The Gosiodo Chon almost killed attempts to reconnect to the hive, but is unable to. It comes across a woman carrying a baby. He notes that they look human but are in fact made of nanites. The Gosiodo wants to kill them, but can’t, something in his programming is preventing him.

The Specials fight their way through the Gosiodo-infested topside, toward the dead city. Along the way, Acrona is killed. This disheartens the others as Acrona was the oldest living Special. Chon wants to give up and go home, but Dead Eye won’t let him. Meanwhile, the Singularity has sensed the approach of the Specials and fears they will ruin the coming of the "Masters". The woman with the baby appears at the free city and asks to be let in.
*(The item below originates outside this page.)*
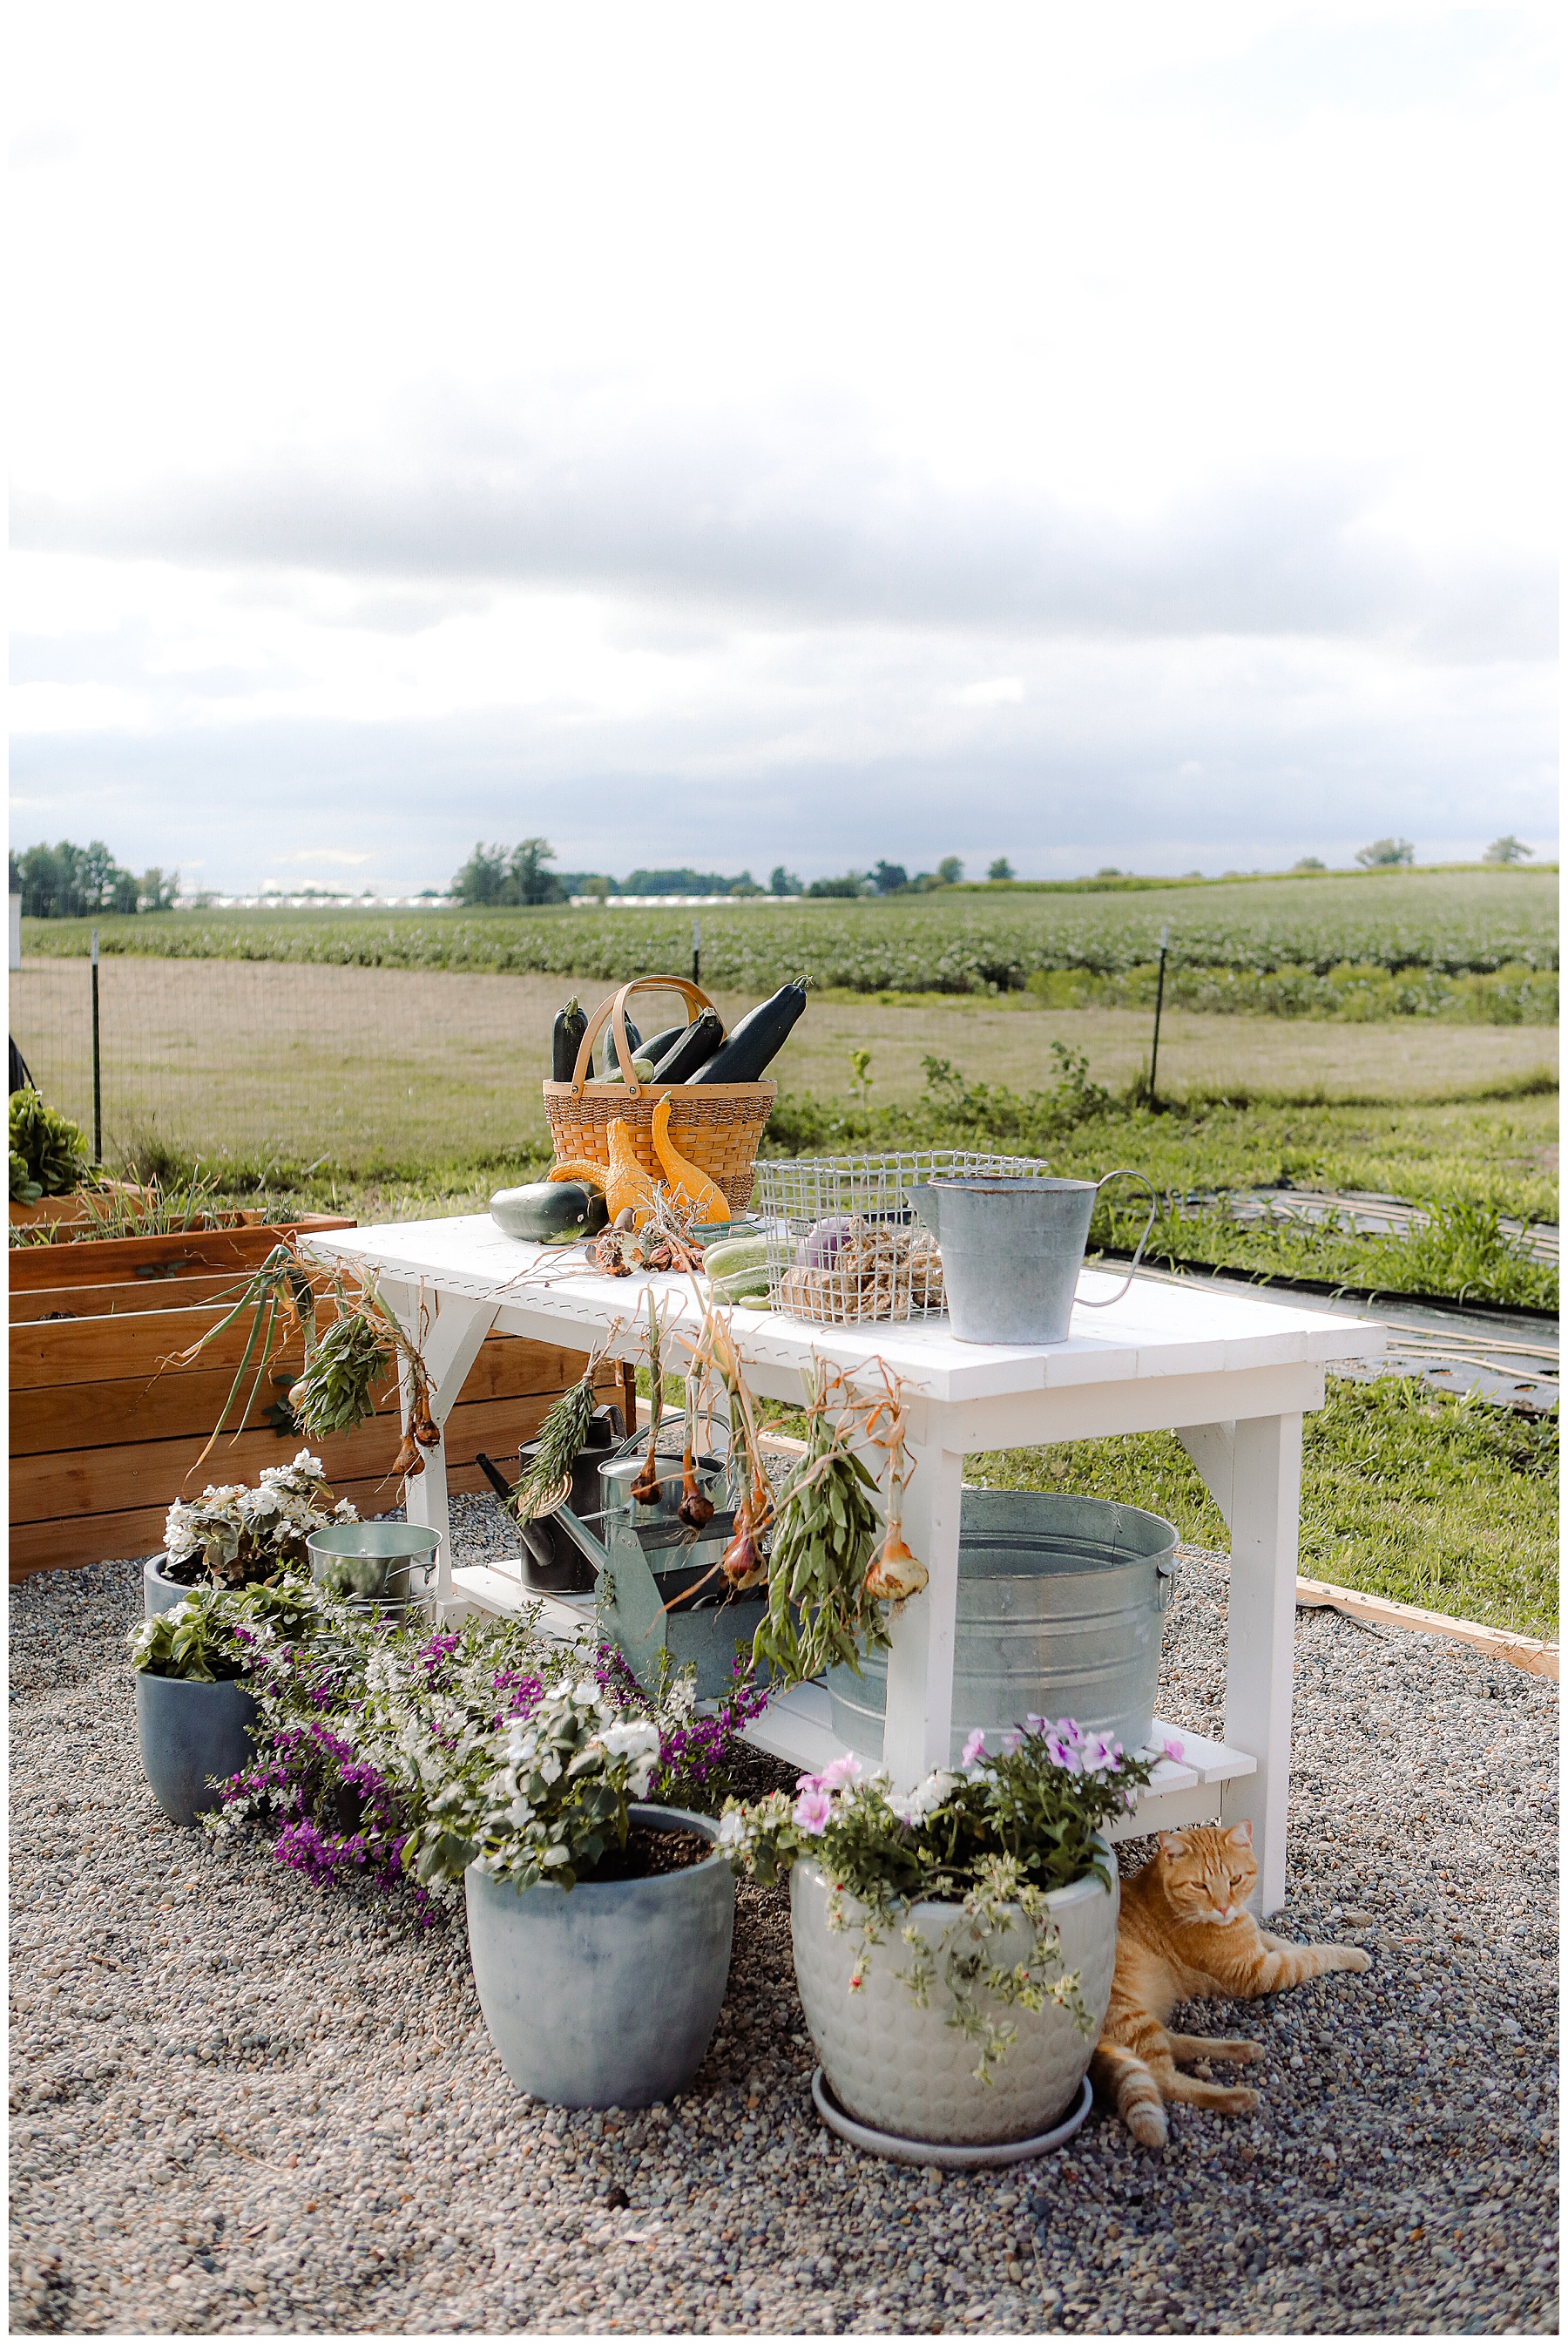 Creating and outdoor potting bench

When the humans allow her entrance, however, she tells them that she is, in fact, a bomb and subsequently explodes, killing everyone.
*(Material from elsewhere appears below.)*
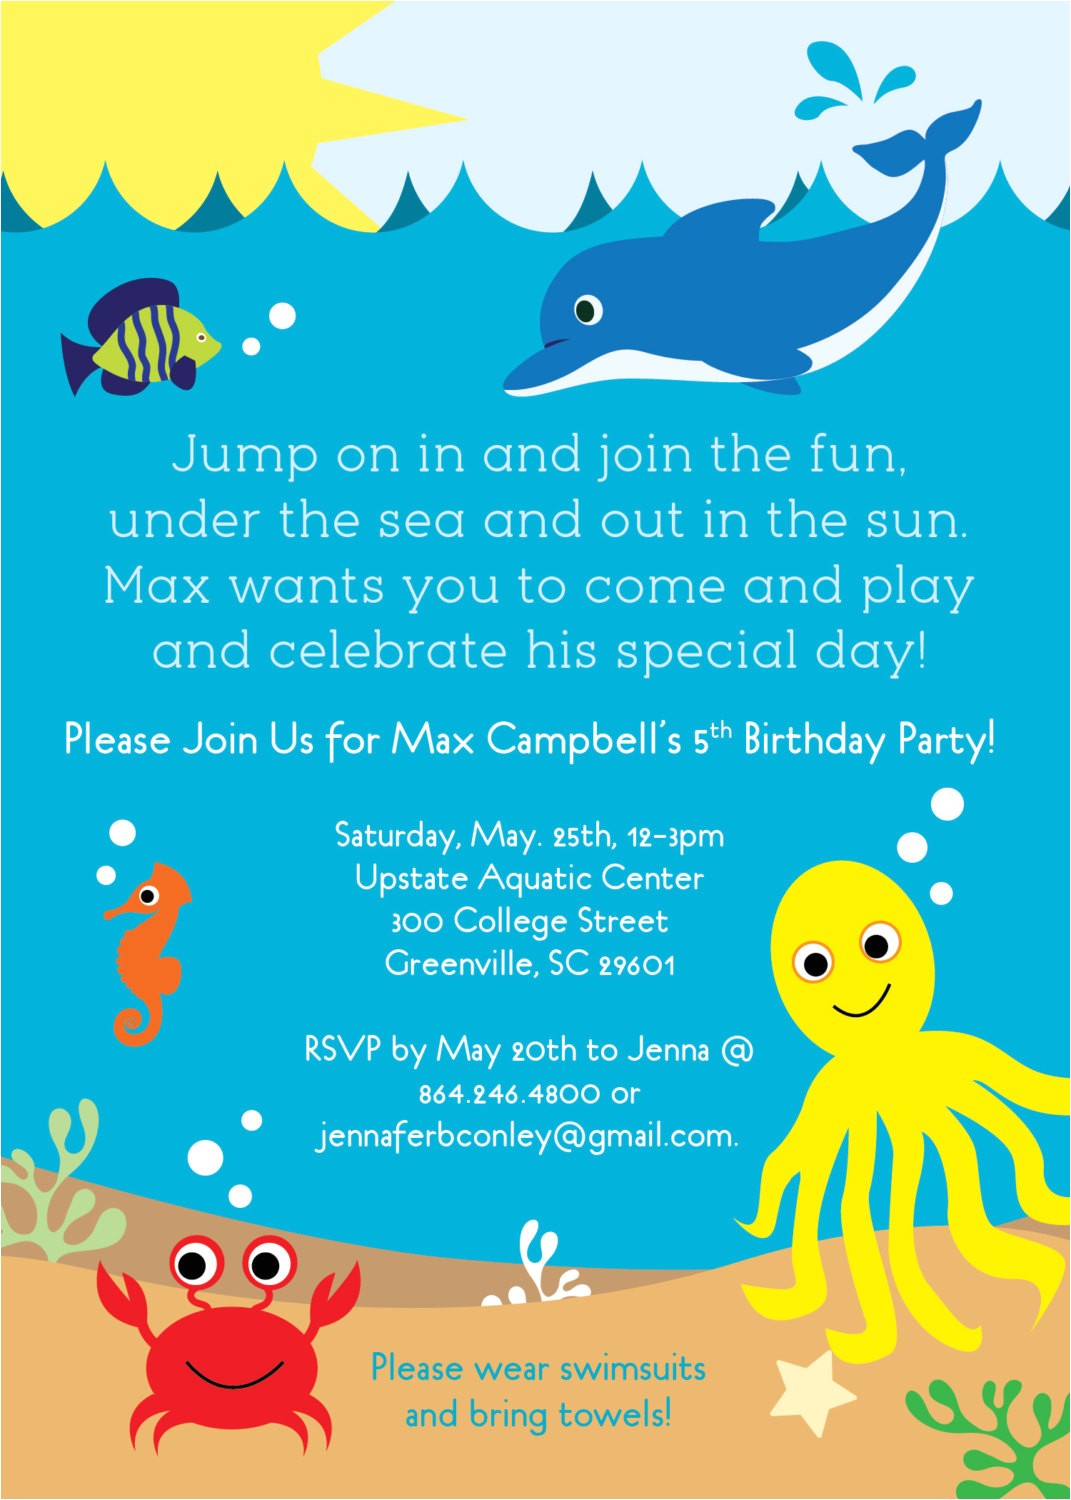 6810094 under the sea birthday party invitations boy or girl sea life creatures

At the edge of the Dead City, the Specials feel the deaths of so many humans. Again Chon and some of the other talk about giving up, but before they can move, Gosiodo surround them. The Specials fight their way to the center of the city and the Singularity. They arrive just as the mother ships of the Masters appear in the sky. The Specials attack the Singularity, but it makes short work of them, killing most of them, including Chon. Only Dead Eye and one other Special, Gunnar are left alive.
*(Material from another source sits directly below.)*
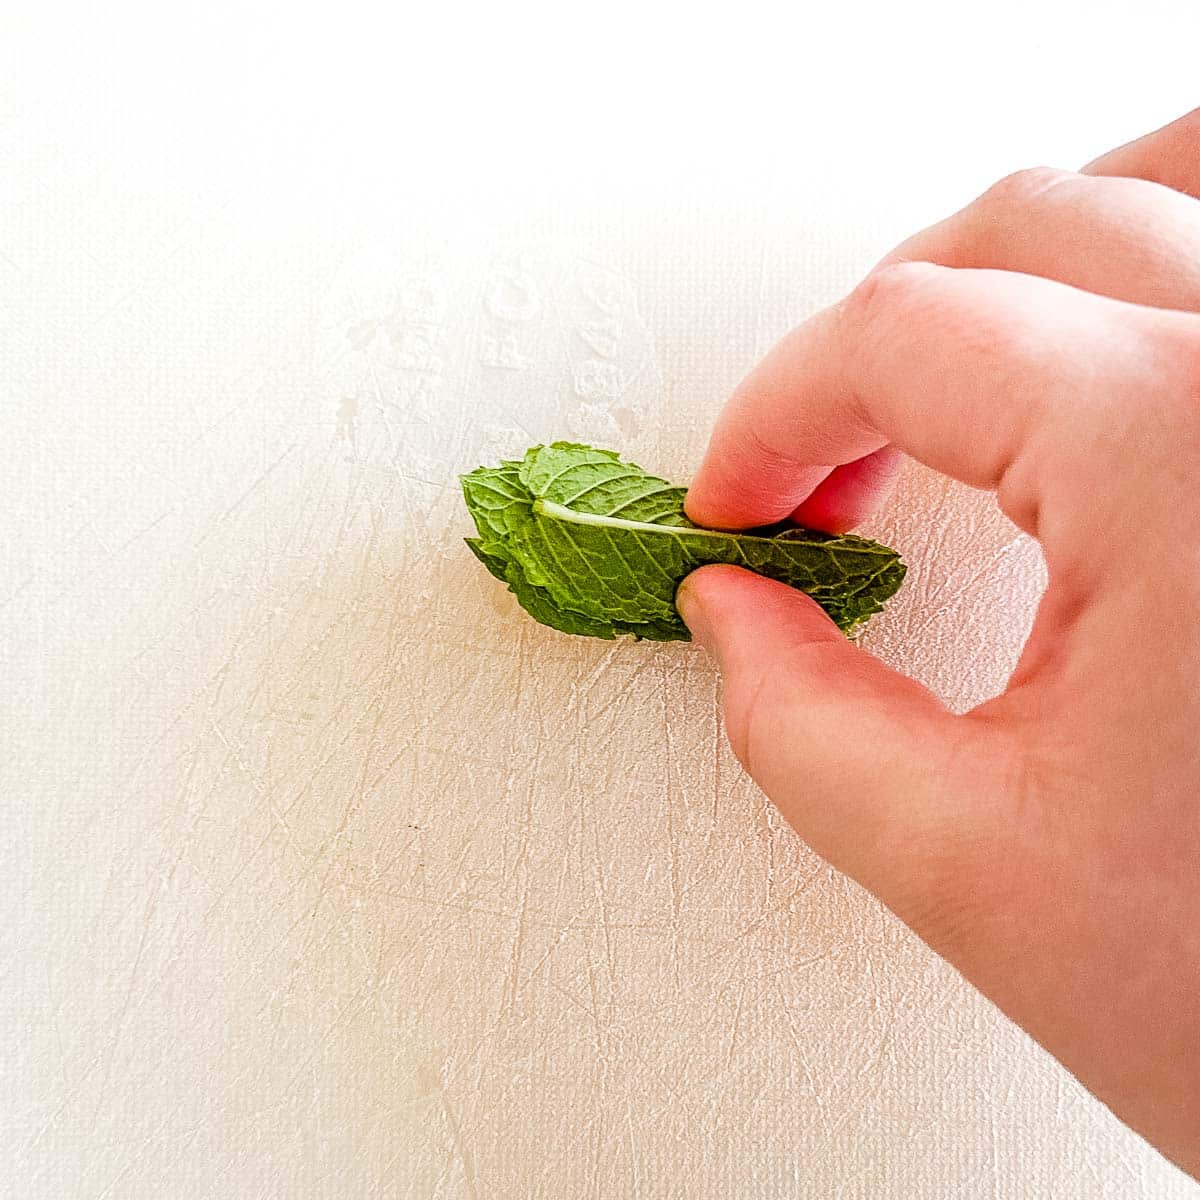 A hand holds a small pile of rolled mint leaves against a cutting board.

The "Masters" land. We learn that they are an alien race that sent the nanites. (The nanites infect one person, creating the Singularity, which then wipes out all life on the planet and terraforms it for the Master's use). But this Singularity's programming was corrupted somewhere along the way, which is why it's struggled to finish off mankind. The Master kills the Singularity only to discover that there is a second Singularity, the disconnected Gosiodo. The Masters kill this as well, but before they can, Dead Eye injects the virus, which infects not only the Singularity, but also the Masters. The nanites are destroyed, but the virus causes a giant explosion, which kills everyone, save a single baby.

==Characters==
- Bobby Hennigan was once a regular guy, but when the nanites first came to Earth they took him over. For a while, he tried to do good with his newfound powers, but, soon, he went crazy and began killing everyone.
- Chon, distinguished by the dragon tattoo on his face, is the protagonist of the story. He becomes a Special when his city is destroyed by Gosiodo. He has the ability to turn his arm into a gooey substance which disables the Gosiodo. He is one of the seven Specials sent to destroy the Singularity.
- Geneva has black hair and carries swords. She also appears in the short story from IDW's Tales of Terror.
- Acrona is the oldest Special, even though she looks like a little girl. She is able to blow things up with a burst of green light.
- Deadeye is a Special whose eyes were eaten by nanites before they bonded with him. One of the seven Specials sent to destroy the Singularity, he is able to fight with a 'Nano-Sword'.
- Gunnar is a Special who is able to make guns from nothing.
- Gallis is the Special on the mission who can communicate with the free city. He has a chip implanted in his head which allows him to hear what the Professor is saying. He is the one who realizes when the bomb goes off and destroys the city.
- Makko is a Special who can make hard weapons from nothing. The character is also notable for being the only human with brightly colored hair, in this case, blonde.

==Themes==
The series explores nanotechnology and its potential effects on human society. Templesmith, fascinated with the concept, has said that "nanotechnology will be like a tidal wave in a kiddie pool, compared to the information revolution our society has apparently recently gone through. It will transform everything." The comic also grapples with the moral and religious implications of technology. In writing about how nanites would allow humanity to play with the very molecules that society is made out of, and thus turn ordinary humans into gods, Templesmith is able to compare technological advancements with religious miracles and ask important questions about destiny and humanity's fate.

==Collected editions==
IDW released a collection ("Singularity 7 TPB") with all four issues January 26, 2005 (ISBN 1932382534).